# How can we calculate the volume of a BCC Wigner-Seitz Cell? (Based on a imaginary cube)

Hello. As you can see in the picture, there’s this shape and shape’s surface consists of 6 square and 8 hexagon parts and I would like to know its volume but I don’t know where to start. The only information given is that the imaginary cube which surrounds the shape has a length of “$$a$$” for its edges, thus the imaginary cube’s volume is $$a^3$$. So, how can we find the volume of that shape? (For the edge of square in the shape, I think it has a length of $$\sqrt{a}/2$$ but I’m not sure...)

Therefore, this thing is obtained by taking an octahedron $$P$$, cut off one small pyramid at each of its six vertices. Assume the side length of $$P$$ is $$x$$, in order to make regular hexagon, the cutting points on each side is $$\frac x3$$ from vertices.
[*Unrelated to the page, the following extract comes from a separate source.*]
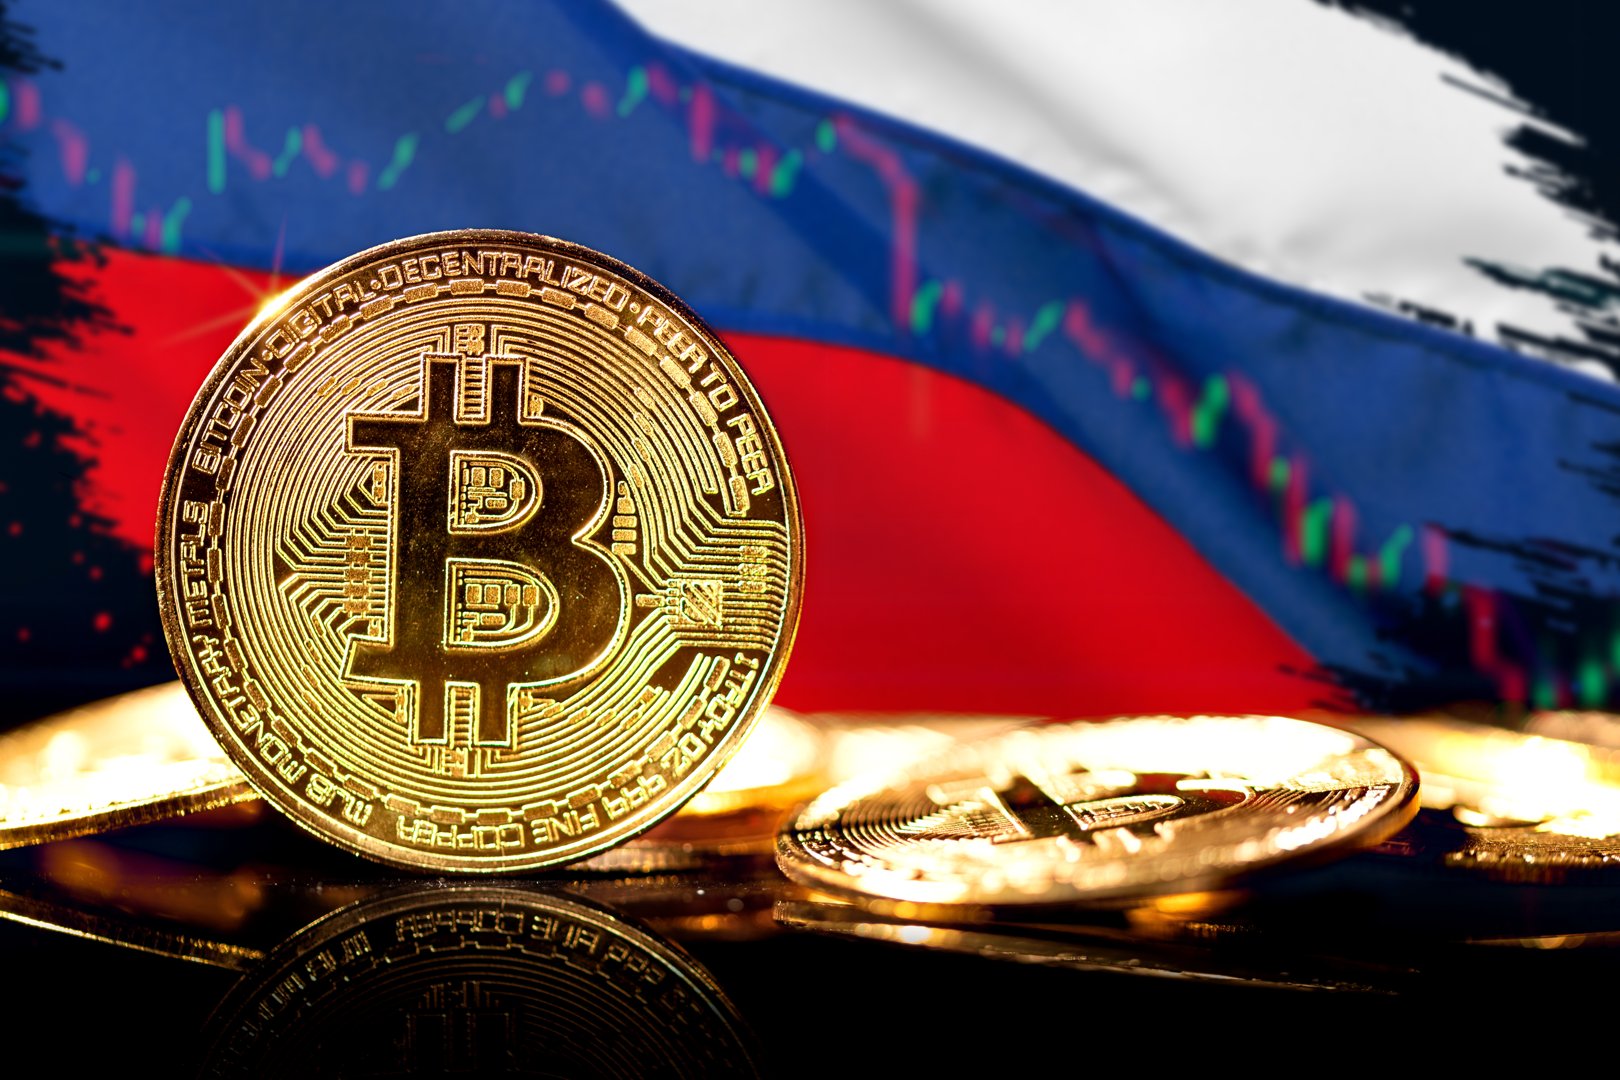 Rappresentazioni artistiche di un token Bitcoin, sullo sfondo della bandiera russa e di un grafico a linee.

For example, let $$o$$ be a vertex of $$P$$, and $$oa, ob, oc, od$$ are the four sides from $$o$$, then take $$a'$$ on $$oa$$ with $$oa'=\frac 13 oa$$, take $$b'$$ on $$ob$$ with $$ob'=\frac 13 ob$$, take $$c'$$ on $$oc$$ with $$oc'=\frac 13 oc$$, take $$d'$$ on $$od$$ with $$od'=\frac 13 od$$, the cut away the small pyramid $$o$$-$$a'b'c'd'$$, and the new exposed face $$a'b'c'd'$$ is a square face in your object.
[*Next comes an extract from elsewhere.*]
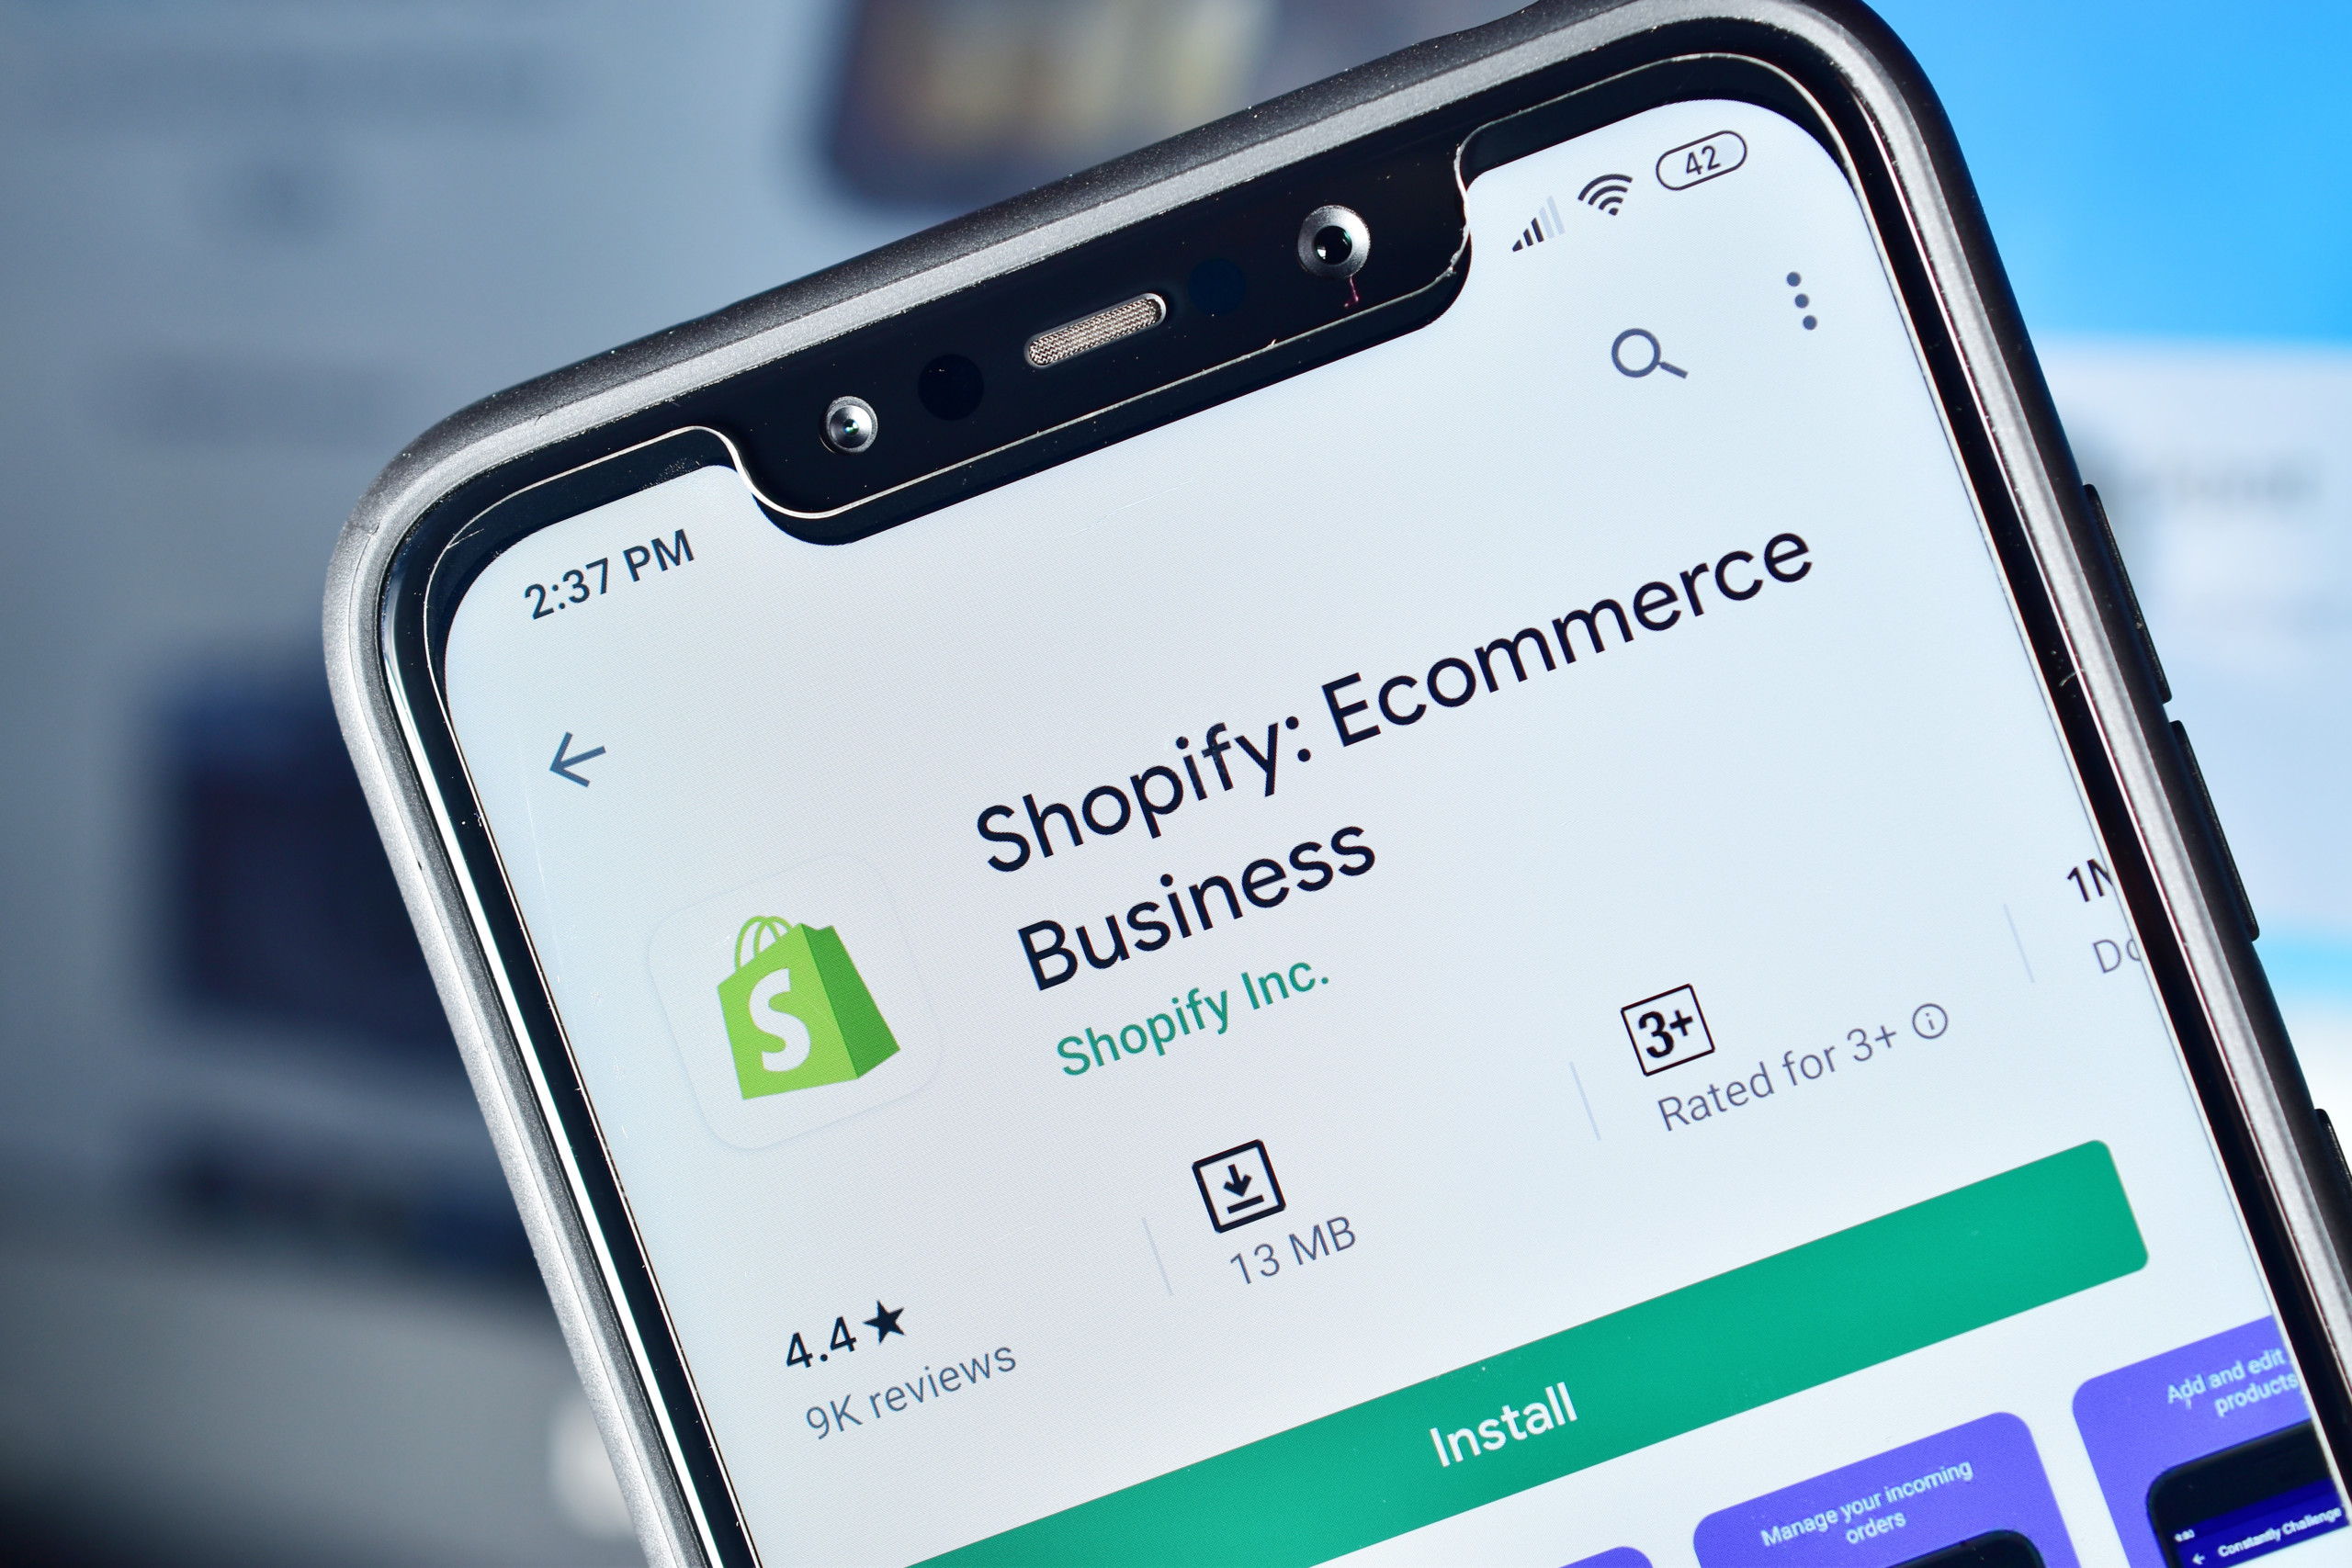 Shopify-Händler können nun Zahlungen in über 30 Kryptowährungen akzeptieren

Now an easy computation shows the distance between two opposite vertices in $$P$$ is $$\sqrt 2 x$$. Now cut away the small pyramids, we see the distance between two opposite square faces is $$\frac 23\sqrt x$$: in fact the octahedron $$P$$ is obtained by gluing two big pyramids with side length $$x$$ together, each of them is similar to the small pyramids you cut away, the similar ratio is $$3:1$$. Anyway, this distance $$\frac 23\sqrt x$$ is just the side length (i.e. distance between two opposite faces) of your imaginary cube, therefore $$a=\frac 23 \sqrt 2 x.$$ Now the volume of the octahedron $$P$$ is $$2\cdot \frac 13 x^2\cdot\frac {\sqrt 2 x}{2}=\frac{\sqrt 2 x^3}{3}$$ (these computations are quite easy, just figure out the altitude, etc.). The volume of each of the small pyramids you cut away is $$\frac 13\cdot(\frac x3)^2\cdot (\frac x3\cdot\frac{\sqrt 2}{2})=\frac{\sqrt 2 x^3}{162}$$ ; there are six of them, therefore your object has volume $$\frac{\sqrt 2 x^3}{3}-6\cdot \frac{\sqrt 2 x^3}{162}=\frac{8\sqrt 2 x^3}{27}$$. Plug in $$x=\frac{3a}{2\sqrt 2}$$, the answer is $$\frac{a^3}{2}.$$ By the way the side length of the squares in your object is $$\frac x3=\frac{a}{2\sqrt 2}$$.